If we want to improve variable naming, I think it would be more interesting to think about namespaces. I've been waiting for xarray to eventually support nesting, if that were to happen I think that would help greatly

ricardoV94 · 2022-12-04T05:13:00Z

How does this fare with Distribution constructor helpers such as ZeroInflatedPoisson, OrderedLogistic, LKJCholeskyCov, which are not distributions themselves?

Users should expect the same behavior but I don't want to make these cumbersome to write for developers.

ricardoV94 · 2022-12-04T05:16:26Z

Less than half of the variables had the same name as the binding, especially for larger models, where variable names tend to get longer because they have to stay globally unique, and part of the model creation is in separate functions with local namespaces.

This won't prevent users from using names, so I don't see how this is an argument against. Of course users didn't bother to give unique assignment names in the past, it didn't matter. Obviously that changes if you are using assignment to provide the name. If you repeat it you'll get the usual repeated name error from the Model.

What do you mean with local namespaces?

aseyboldt · 2022-12-04T05:40:13Z

This won't prevent users from using names, so I don't see how this is an argument against. Of course users didn't bother to give unique assignment names in the past, it didn't matter. Obviously that changes if you are using assignment to provide the name. If you repeat it you'll get the usual repeated name error from the Model.

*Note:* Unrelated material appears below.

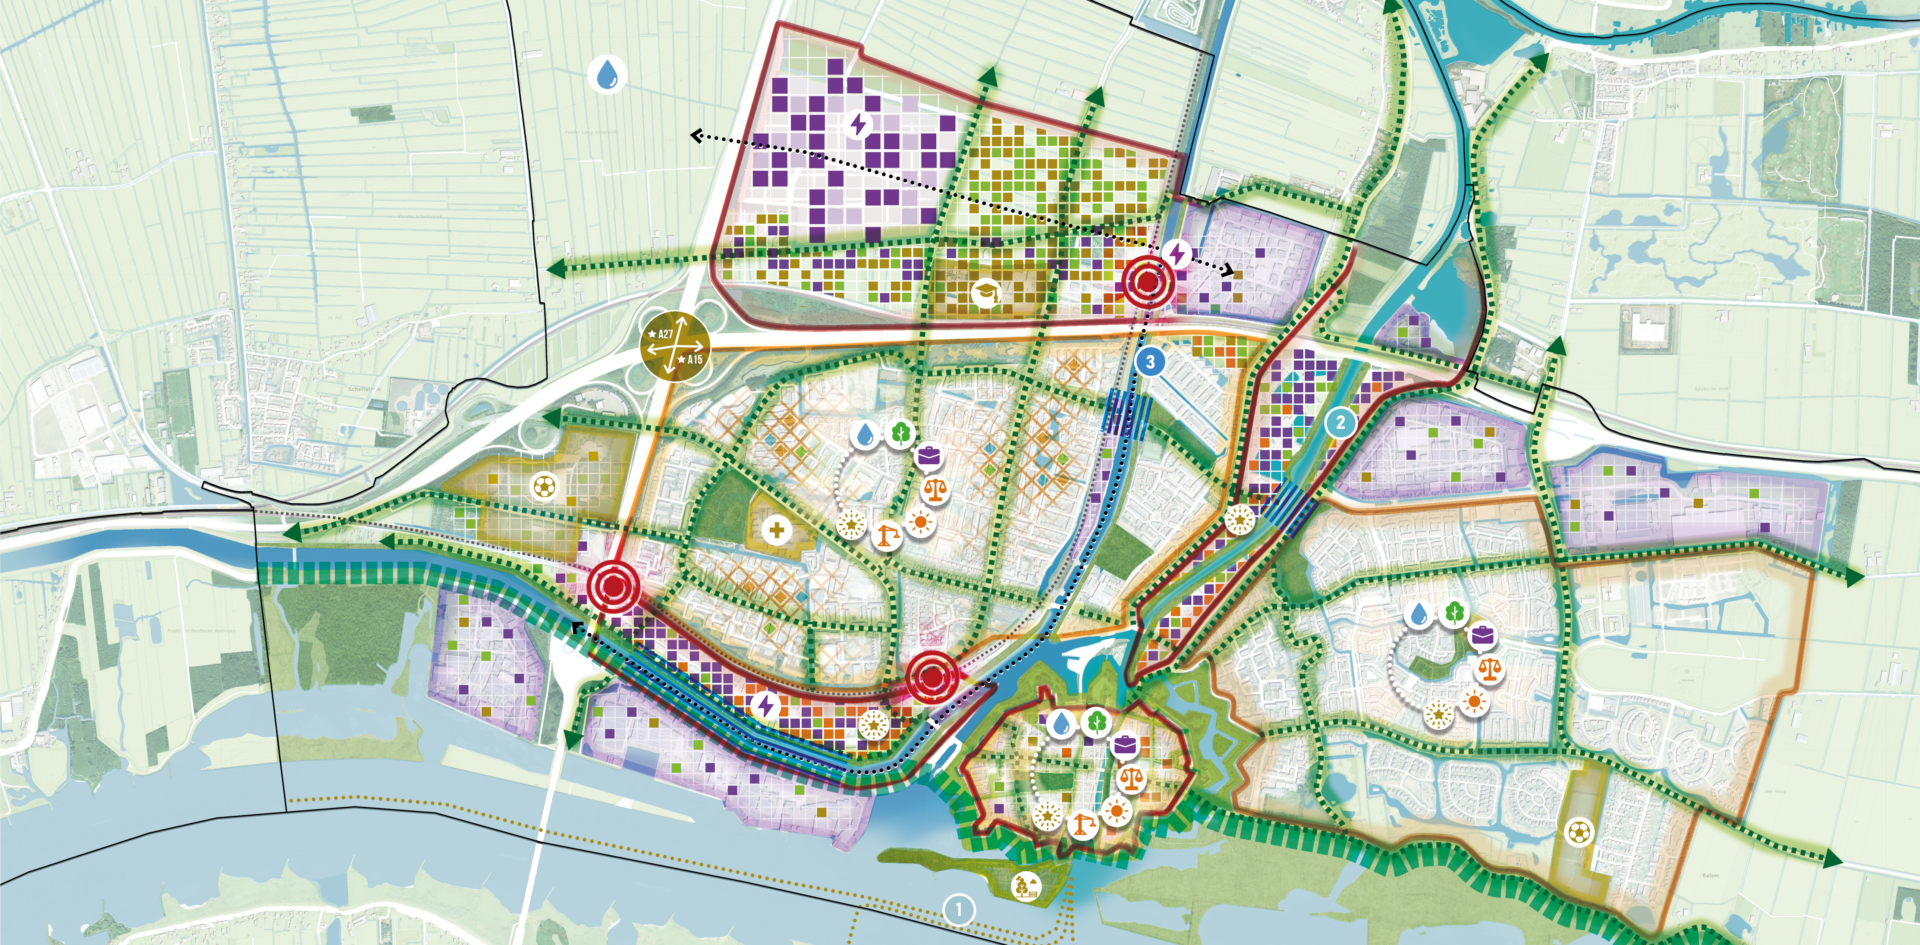 Omgevingsvisie Gorinchem 2050 “Stad in Balans”

True, it still is possible to specify the name. But this seems like a pretty big change to me, after all with this we are effectively changing how a call in python works. This might be a good idea if that is almost always what we want, but if it isn't, do we really want to make such a deep and unexpected change? Just imaging the confusion of someone familiar with python but not pymc who is reading a model. Somehow there are names in the trace, but those names were never actually passed into any function anywhere! Or someone might rename a local variable (which never changes behavior in any python code I've seen so far), and then some distant code that analyses the trace breaks.

What do you mean with local namespaces?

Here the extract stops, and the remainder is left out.